YOUR TASK:
A verbatim copy of the listing is what is needed, minus any pictures.

PROVIDED DATA:
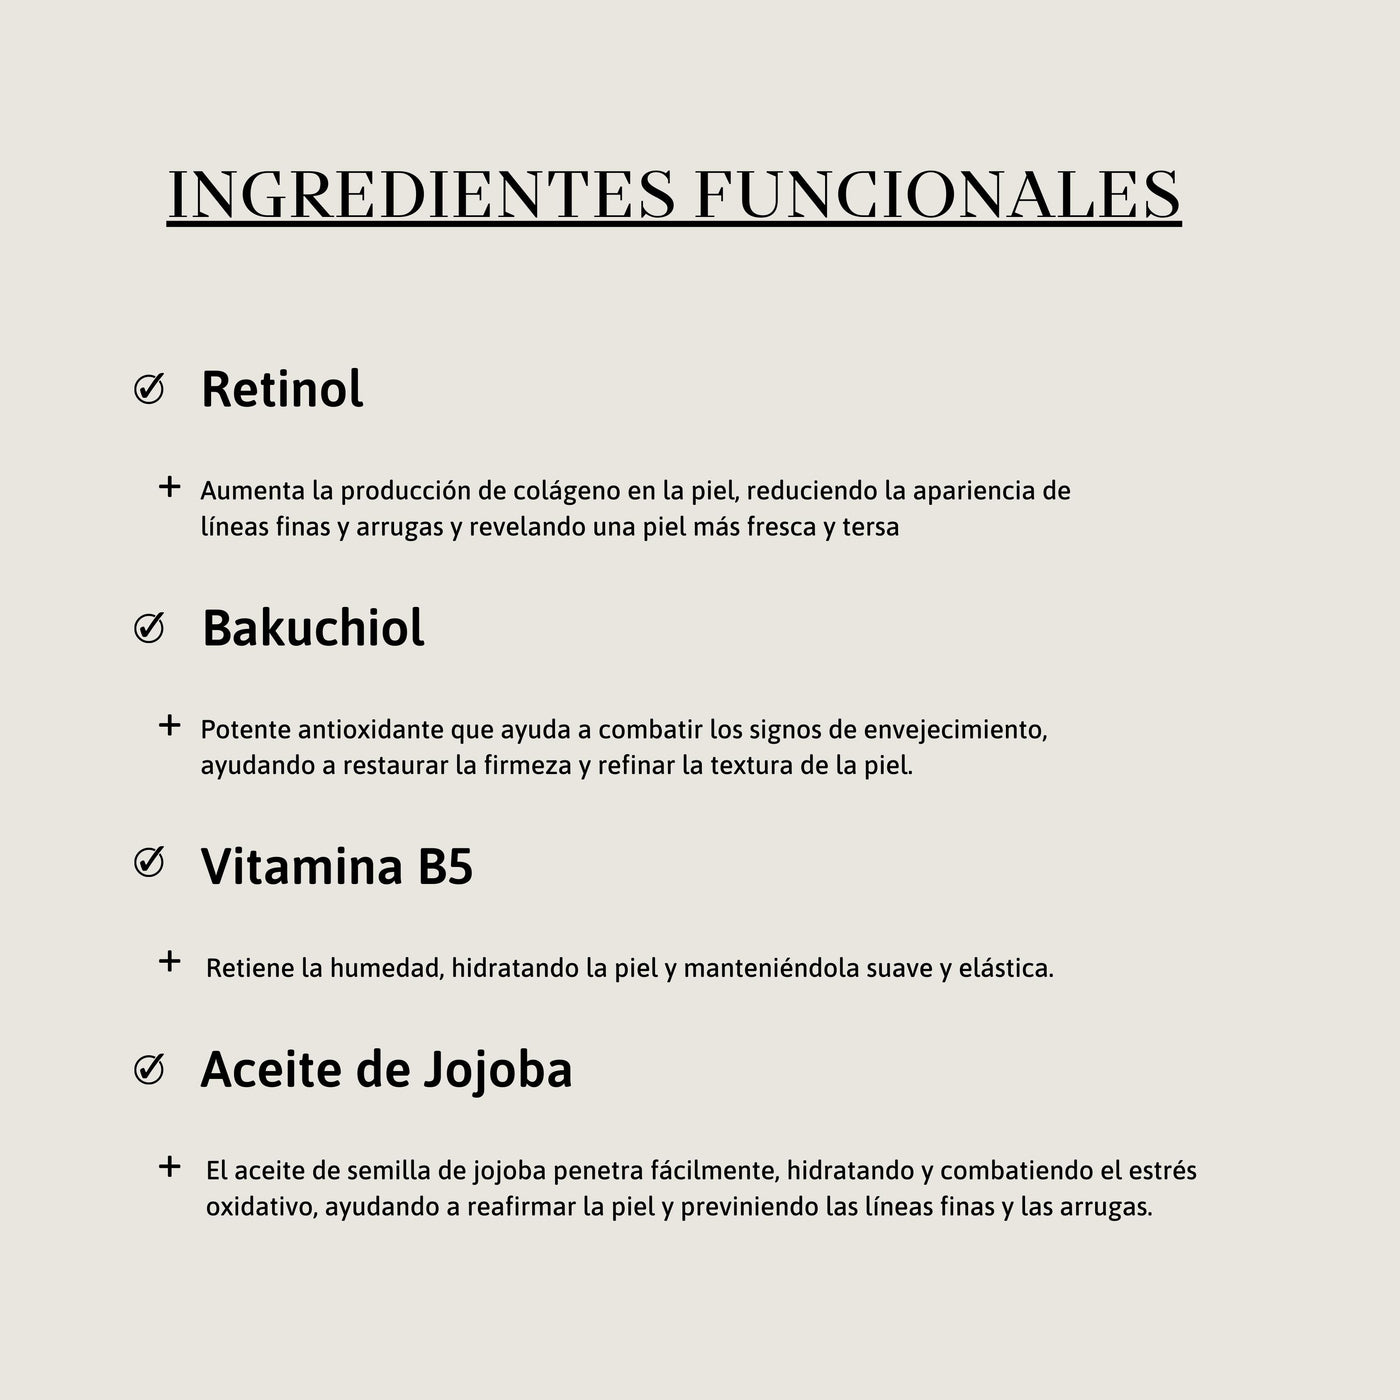 Retinol, Bakuchiol, Vitamina B5, Aceite de Jojoba.
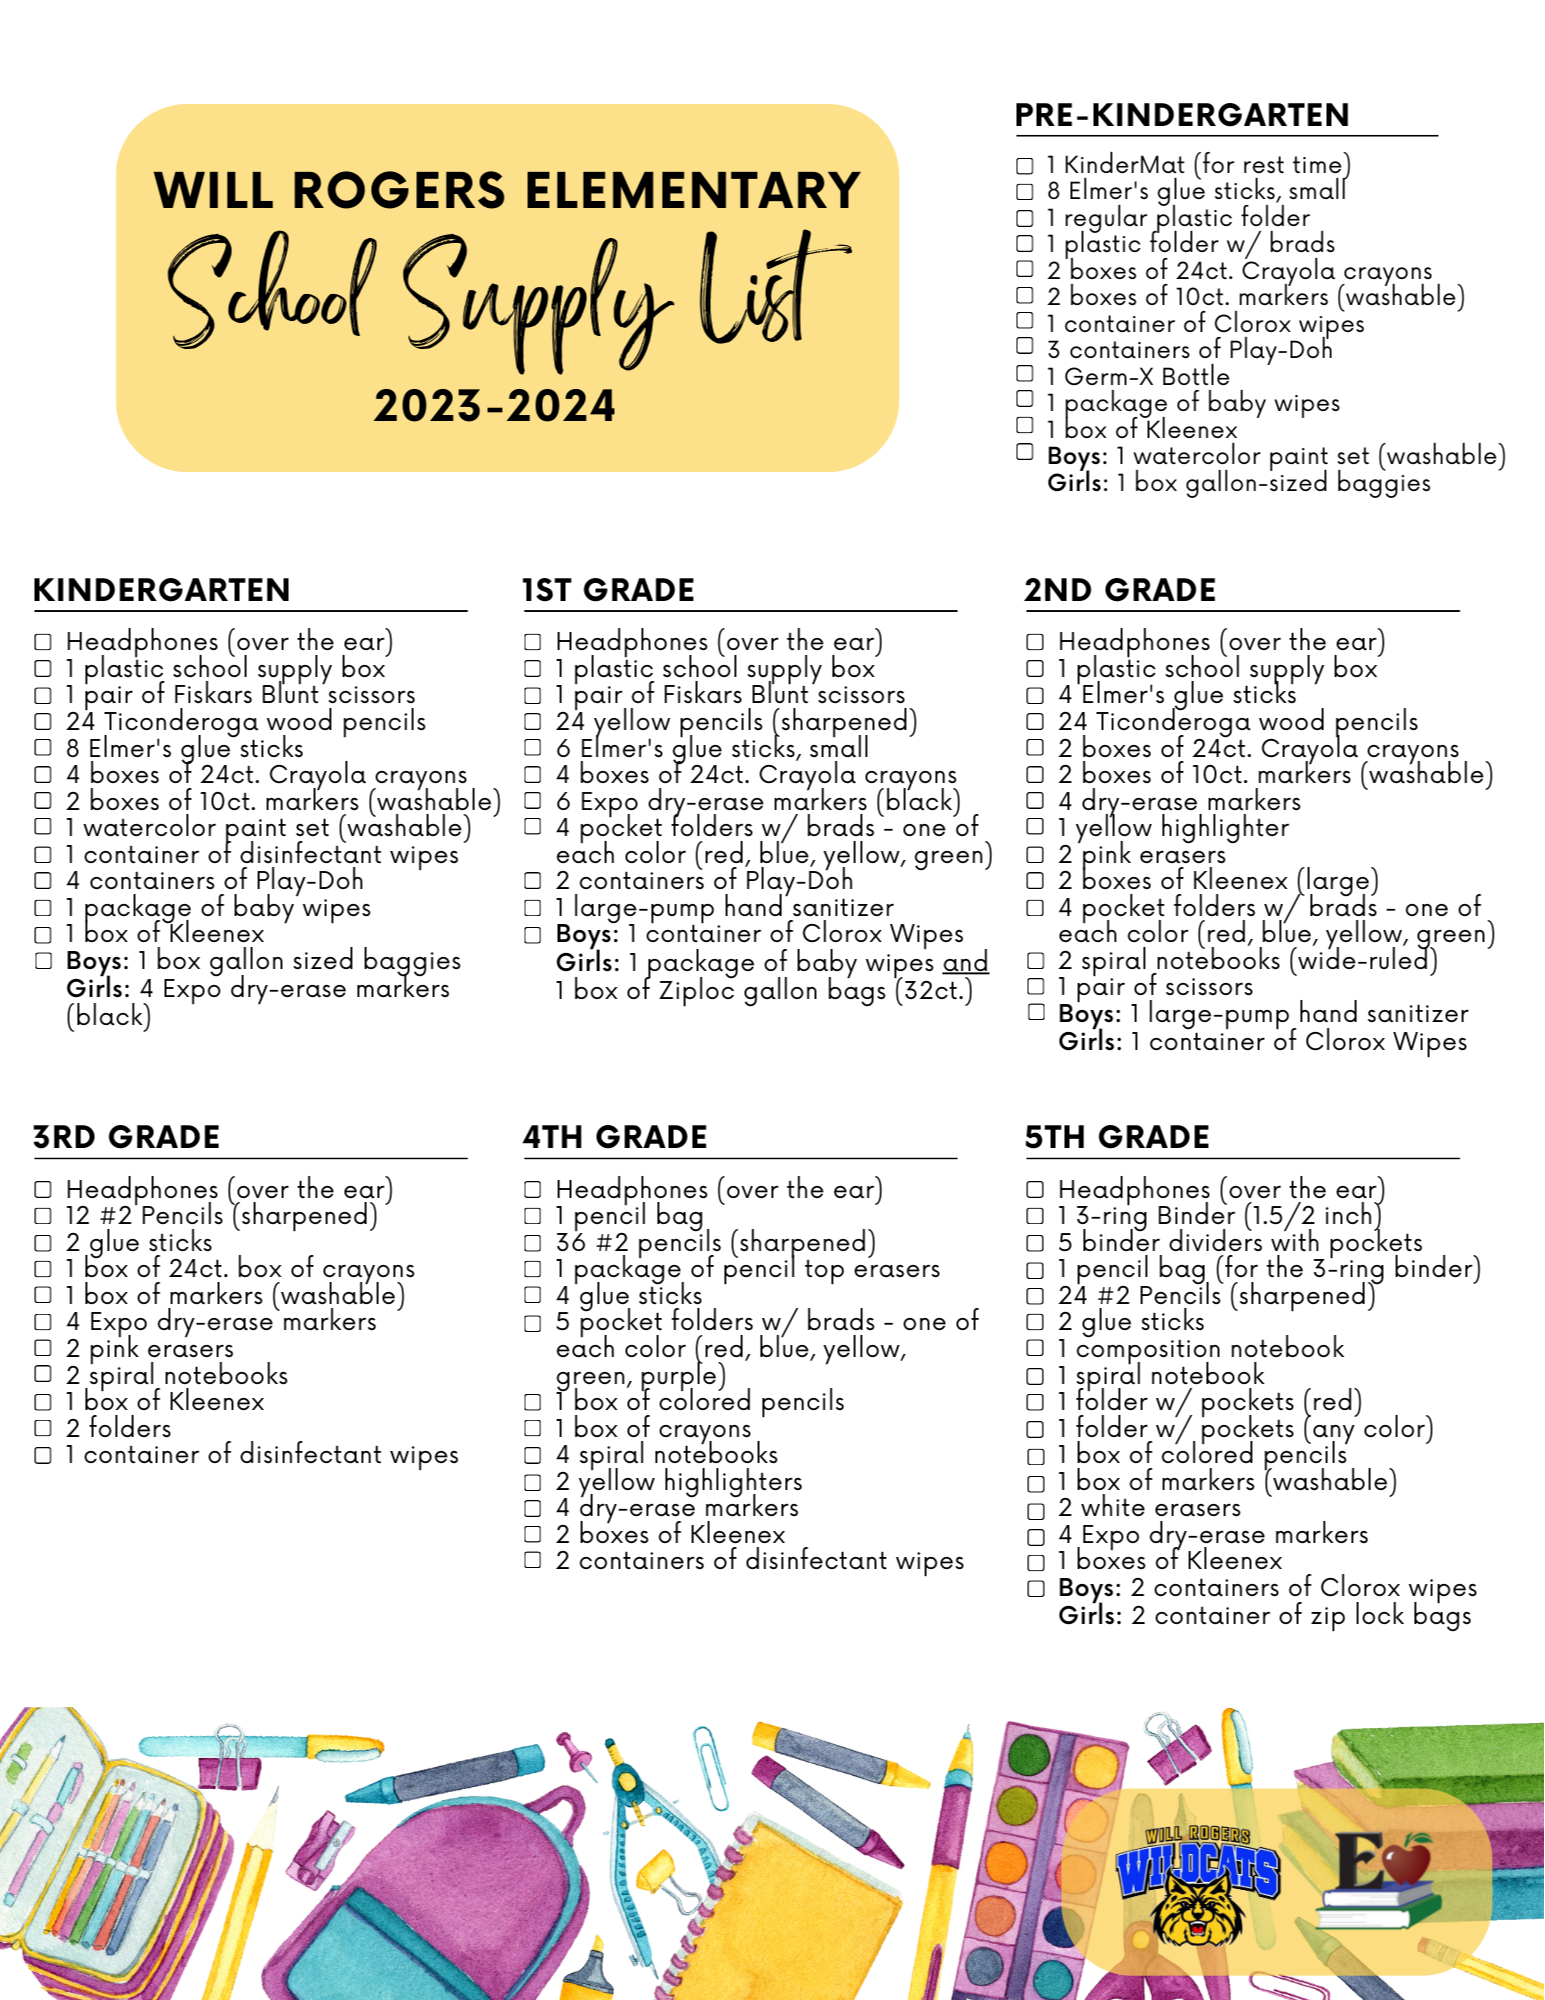 23-24 School Supply List - Sealston Elementary School
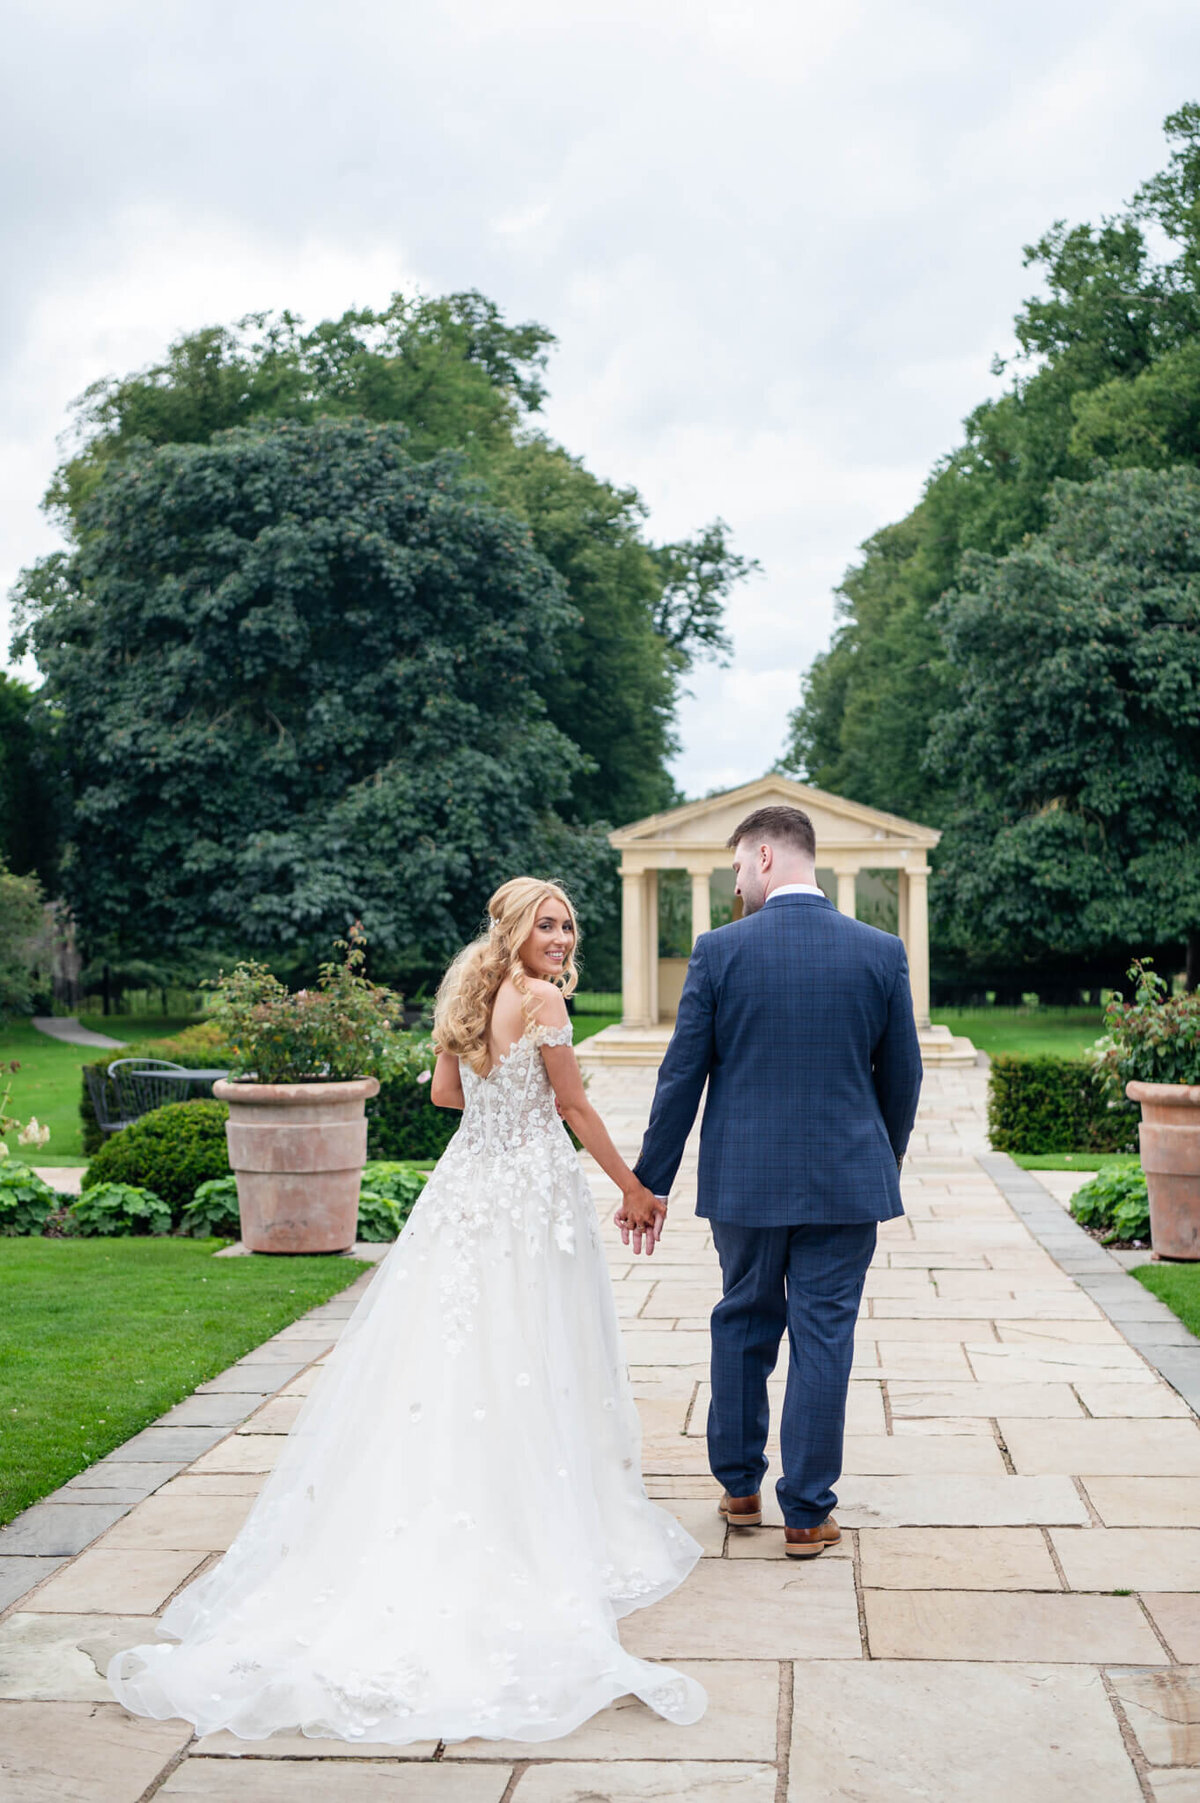 Rowton Castle Wedding Photographer - Shropshire UK Wedding Photographer - Chloe Bolam - E&A - 19.08.23 267

SOLVED PROBLEM:
 Retinol, Bakuchiol, Vitamina B5, Aceite de Jojoba.
 23-24 School Supply List - Sealston Elementary School
 Rowton Castle Wedding Photographer - Shropshire UK Wedding Photographer - Chloe Bolam - E&A - 19.08.23 267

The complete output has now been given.